1. Je suis très fatigué.
2. Je suis très très fatigué.
3. Je suis très très très ... fatigué.
Il est aussi possible d'utiliser les conjonctions pour construire des phrases complexes: cela s'appelle
la coordination.
1. Paul est arrivé.
2. Paul est arrivé et Marie est arrivée.
3. Paul est arrivé et Marie est arrivée et Michelle est arrivée et ...
Ou encore, on peut insérer une phrase dans une autre, pour en faire une phrase plus complexe: cela
s'appelle l'enchâssement.
1. Le gouvernement vient de tomber.
2. Le gouvernement, qui avait chancelé depuis des mois, vient de tomber.

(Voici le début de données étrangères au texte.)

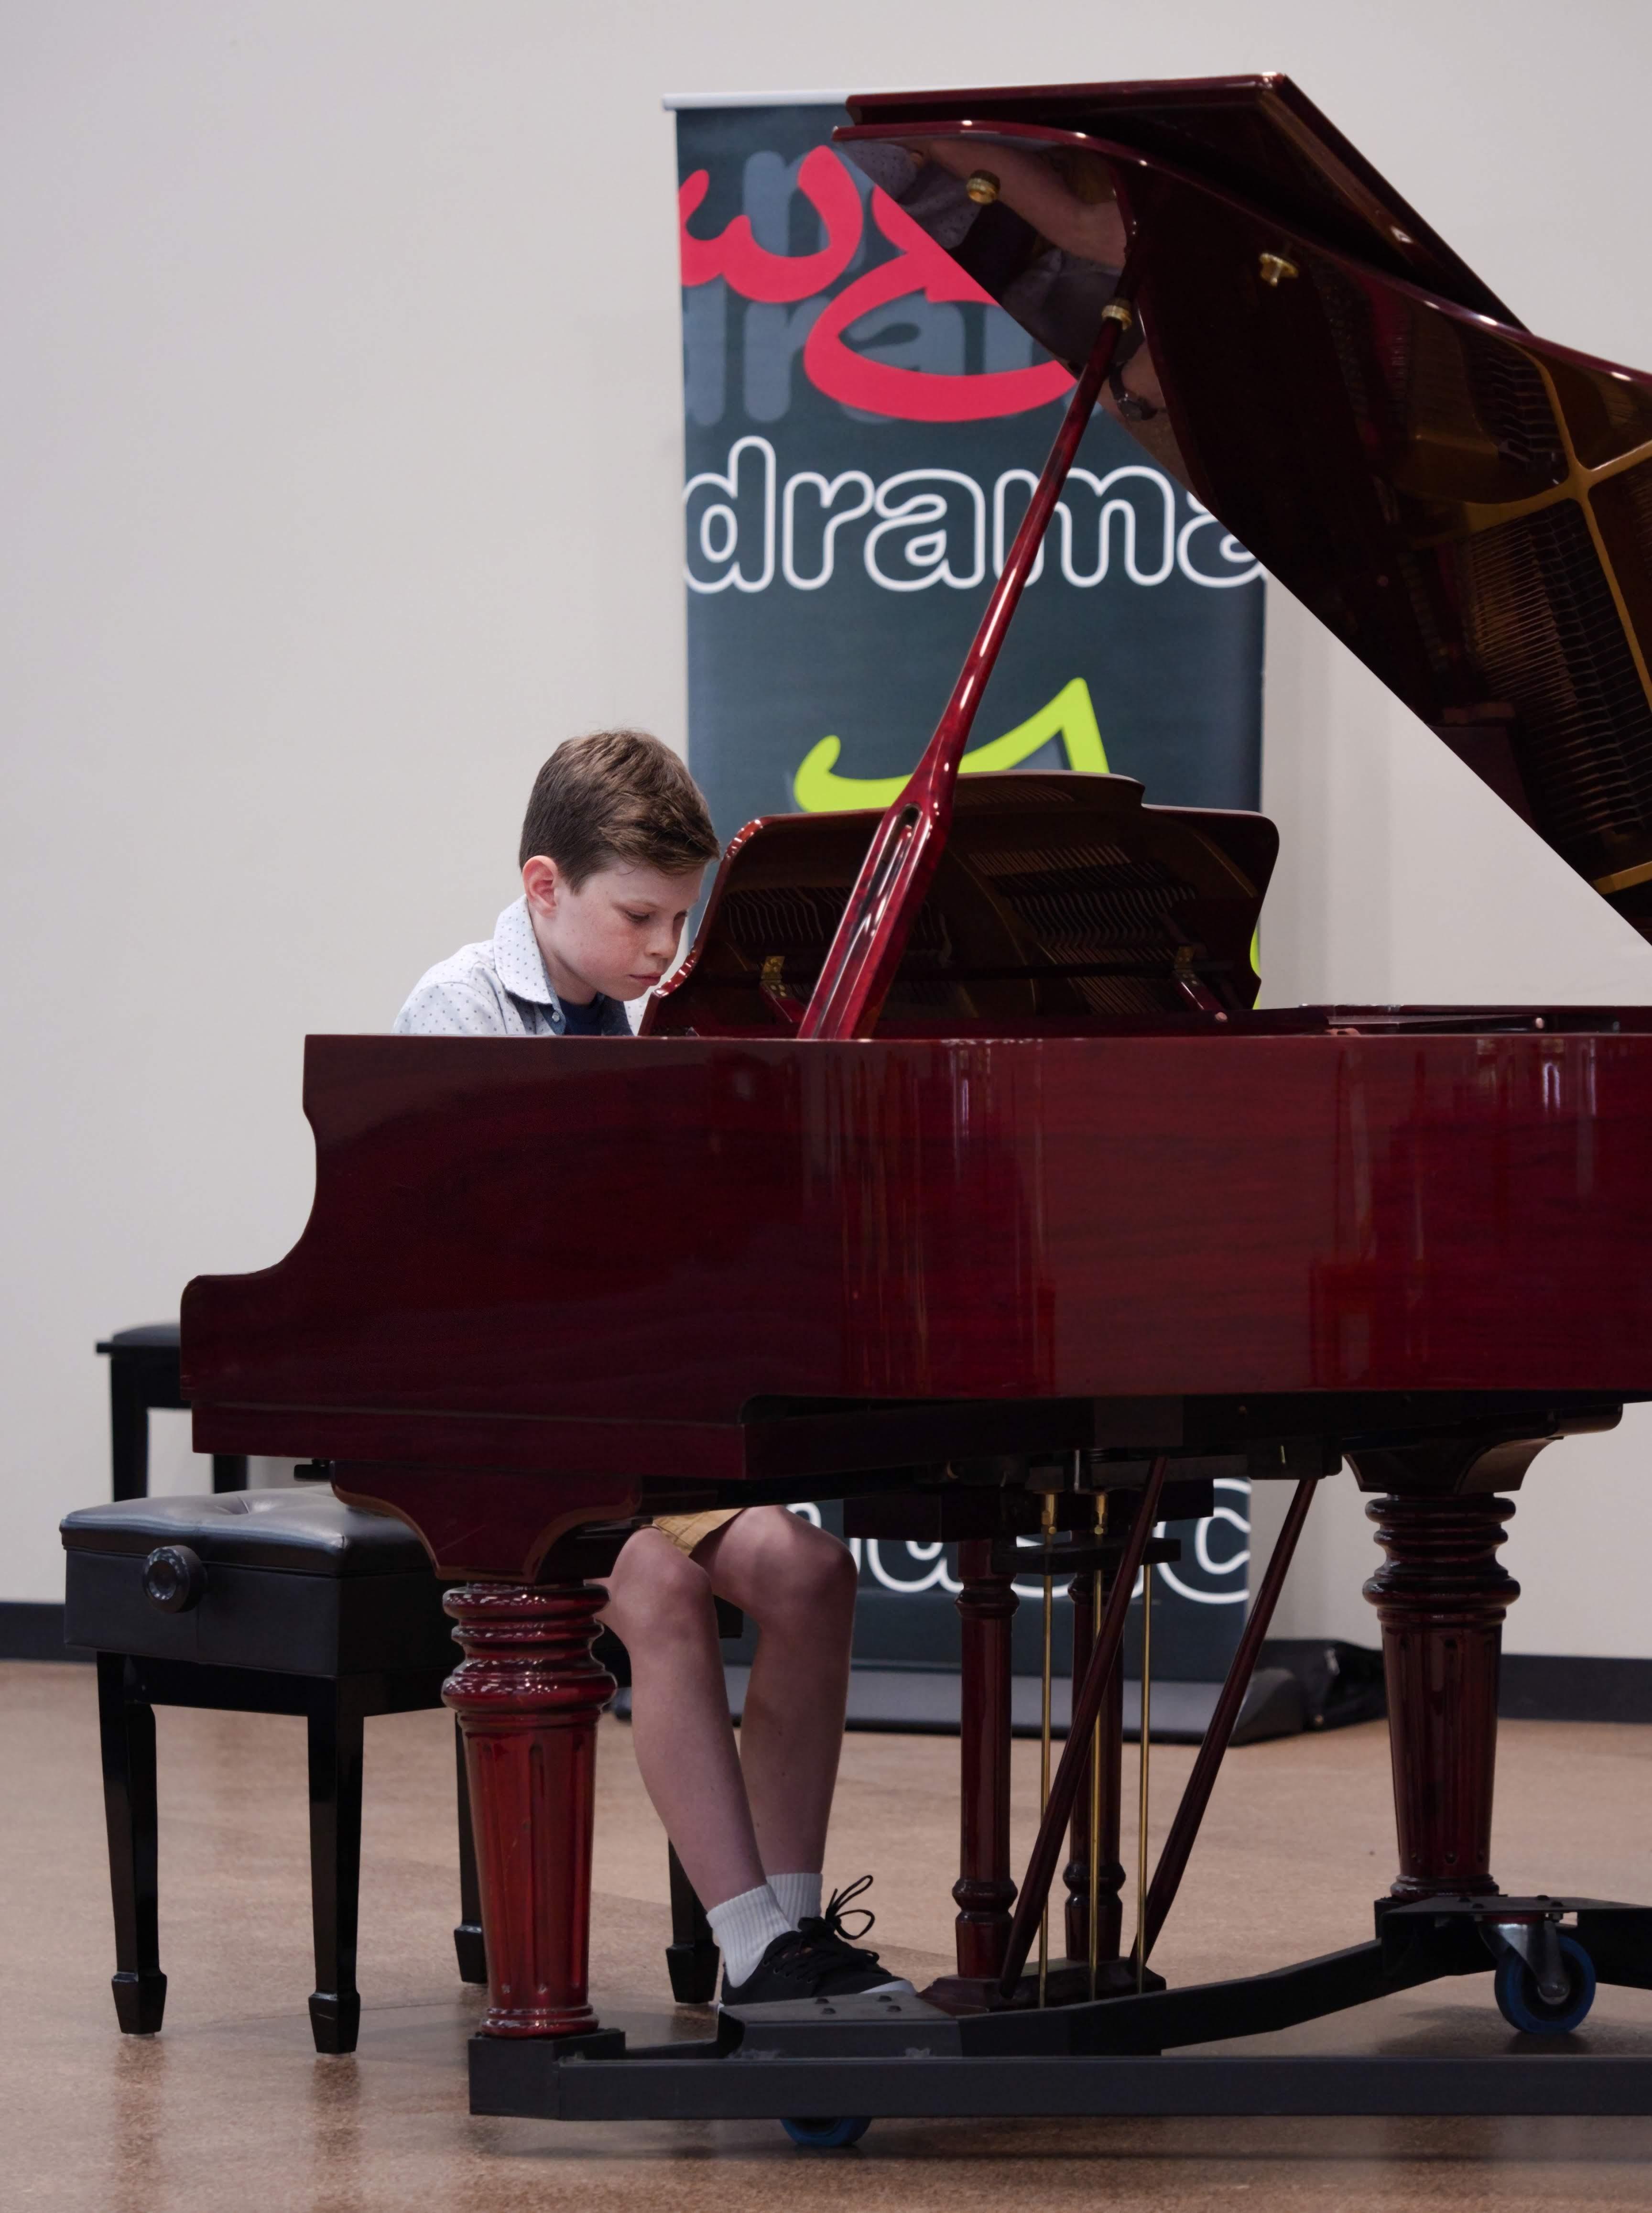 WGE Pianoforte Day 2 Patrick Wilson Displays his Skills on the Piano

3. Le gouvernement, qui avait chancelé depuis des mois à cause des scandales que le ministre avait
mal cachés, vient de tomber.
Il est évident qu'une liste sera toujours inapte à capter l'ouverture de la langue. Depuis un certain temps
on linguistique, on préfère baser la description syntaxique sur une série d'opérations capables
de générer l'infinité de phrases possibles, et dont les corpus, l'intuition et l'élicitation ne donneraient
qu'un petit échantillon. On donne le nom de grammaire à ce mécanisme génératif. On peut formuler l'un
des buts de la grammaire d'une langue ainsi: elle doit générer toutes les phrases possibles, et aucune
phrase impossible. Jusqu'à présent, nous me possédons aucune grammaire complète d'aucune langue.
Expérience: Faites une phrase potentiellement infinie au moyen de la répétition, la coordination ou
l'enchâssement.
Début.
Mots et opérations
Dans la grammaire, il est possible de voir les phrases comme l'intersection de deux facteurs. D'un côté,
les mots d'une langue impliquent dans leur nature un certain nombre de contraintes. Voyons les
exemples suivants.
1. Michel est grand.
2. Michel est fier.
3. Michel est fier de son frère.
4. *Michel est grand de son frère.
On voit que l'adjectif grand n'accepte pas de complément prépositionnel, mais que fier accepte un tel
complément. Ou encore:
1. Sylvie dort.
2. Sylvie prend le train.
3. *Sylvie dort le train.
4. ?Sylvie prend. ( seulement dans un contexte très spécial)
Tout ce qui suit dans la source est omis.